Indian leaders appeal for calm after attacks
INDIA: Indian leaders issued appeals for calm Sunday after a wave of
bombings killed 45 people and left 162 injured in the religiously-tense
western city of Ahmedabad.
The string of 16 bombings ripped through crowded places in the
tinderbox city, which was the scene of deadly Hindu-Muslim riots in
2002, with targets including markets, buses and then hospitals
struggling to treat the victims.
Indian television channels said a little-known Islamist group calling
itself the “Indian Mujahedeen” had claimed responsibility for the
attacks, which came a day after a similar wave of bombings in the
southern tech city of Bangalore.
Bomb squads defused at least three unexploded devices found in
Ahmedabad on Sunday, Indian news channels reported, while soldiers
staged a ‘flag march’ — or show of authority — in sensitive parts of the
city.
There were also reports of police raids, including on a house on the
outskirts of India’s financial hub Mumbai from where the email claiming
responsibility may have been sent.
Ahmedabad, however, was largely calm on Sunday morning, with large
numbers of police and paramilitaries mobilised.
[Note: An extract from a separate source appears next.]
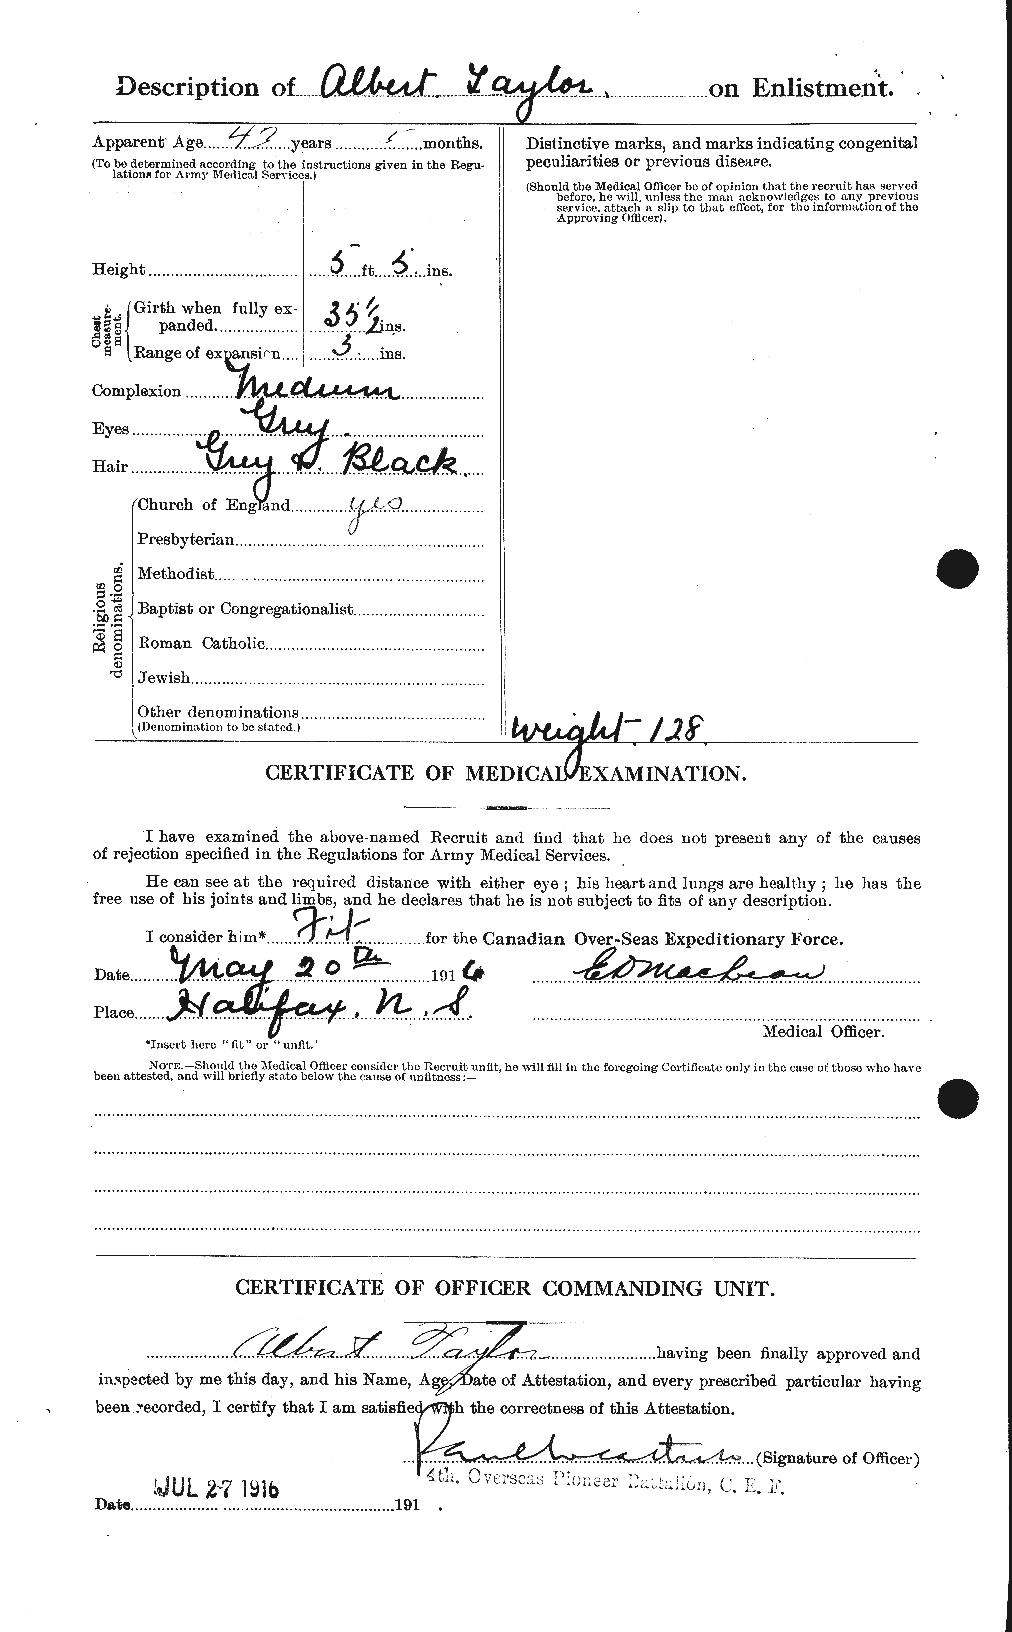 Dossiers du Personnel de la Première Guerre mondiale - CEC 626085b

Indian President
Pratibha Patil expressed her “grief and sorrow” and also “appealed to
the people of Ahmedabad to maintain peace and harmony,” her office said
in a statement.
Many of the victims had been peppered with red-hot nuts, bolts and
ball bearings packed into bombs that were clearly designed to cause
maximum casualties, doctors said.
At Ahmedabad’s Civil Hospital, one of two medical facilities that
were hit, victims could be seen writhing on the floor after the attack,
their bodies punctured by flying pellets, and crying for treatment from
overstretched and panicked staff.
“I had come here with other injured people who needed help. I was
getting out of the ambulance when I saw a blue light and then I fell
down,” said one of the wounded, 52-year-old Laxman Dev.